Golden Rice is an effective source of vitamin A

Abstract

Background: Genetically engineered "Golden Rice" contains up to 35 microg beta-carotene per gram of rice. It is important to determine the vitamin A equivalency of Golden Rice beta-carotene to project the potential effect of this biofortified grain in rice-consuming populations that commonly exhibit low vitamin A status.

Objective: The objective was to determine the vitamin A value of intrinsically labeled dietary Golden Rice in humans.

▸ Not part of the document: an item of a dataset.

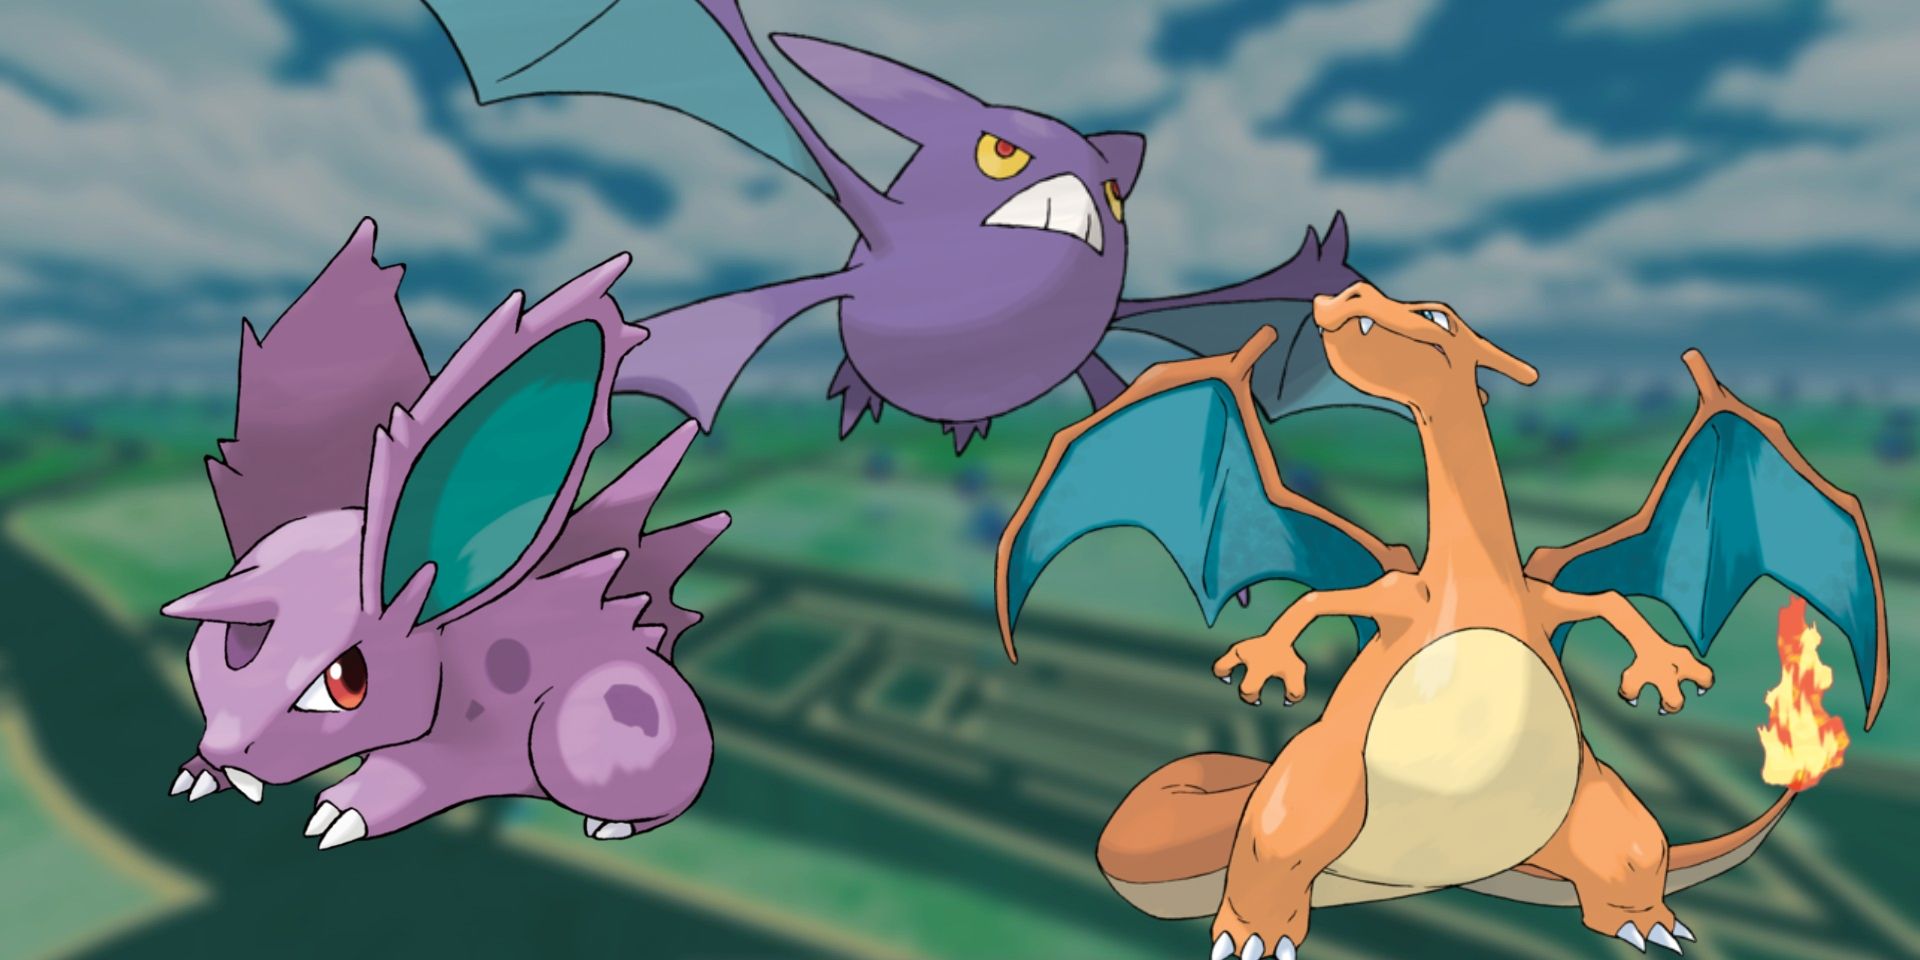 Some of Arlo's possible team members in Pokémon GO in April 2023, including Nidoran, Crobat, and Charizard. In the background is an image of the  game's map.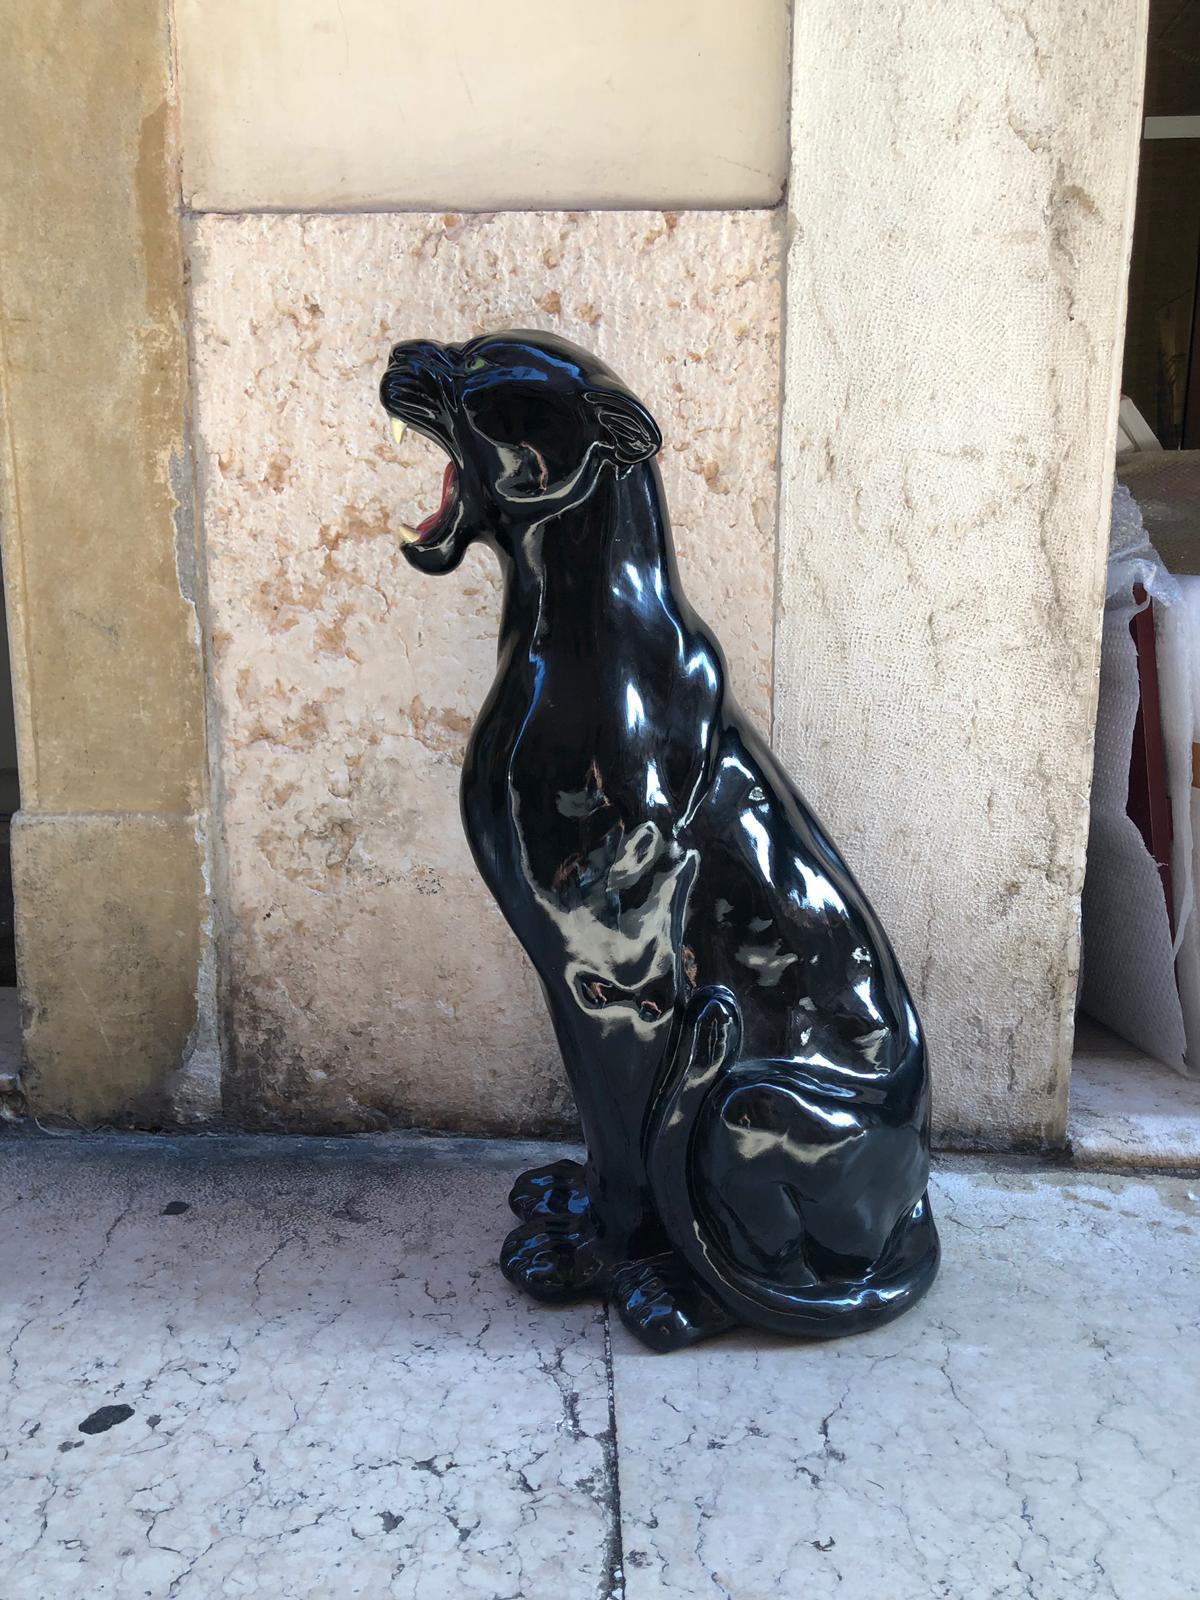 Black shiny ceramic seating and roaring Panther from Italy from 1980s. The inner part of the mouth is red and teeth are white to emphasize the roar. Tail is wrapped around the body. Dimensions: H 88 cm / 35

Design: Golden Rice plants were grown hydroponically with heavy water (deuterium oxide) to generate deuterium-labeled [2H]beta-carotene in the rice grains. Golden Rice servings of 65-98 g (130-200 g cooked rice) containing 0.99-1.53 mg beta-carotene were fed to 5 healthy adult volunteers (3 women and 2 men) with 10 g butter. A reference dose of [13C10]retinyl acetate (0.4-1.0 mg) in oil was given to each volunteer 1 wk before ingestion of the Golden Rice dose. Blood samples were collected over 36 d.

Results: Our results showed that the mean (+/-SD) area under the curve for the total serum response to [2H]retinol was 39.9 +/- 20.7 microg x d after the Golden Rice dose. Compared with that of the [13C10]retinyl acetate reference dose (84.7 +/- 34.6 microg x d), Golden Rice beta-carotene provided 0.24-0.94 mg retinol. Thus, the conversion factor of Golden Rice beta-carotene to retinol is 3.8 +/- 1.7 to 1 with a range of 1.9-6.4 to 1 by weight, or 2.0 +/- 0.9 to 1 with a range of 1.0-3.4 to 1 by moles.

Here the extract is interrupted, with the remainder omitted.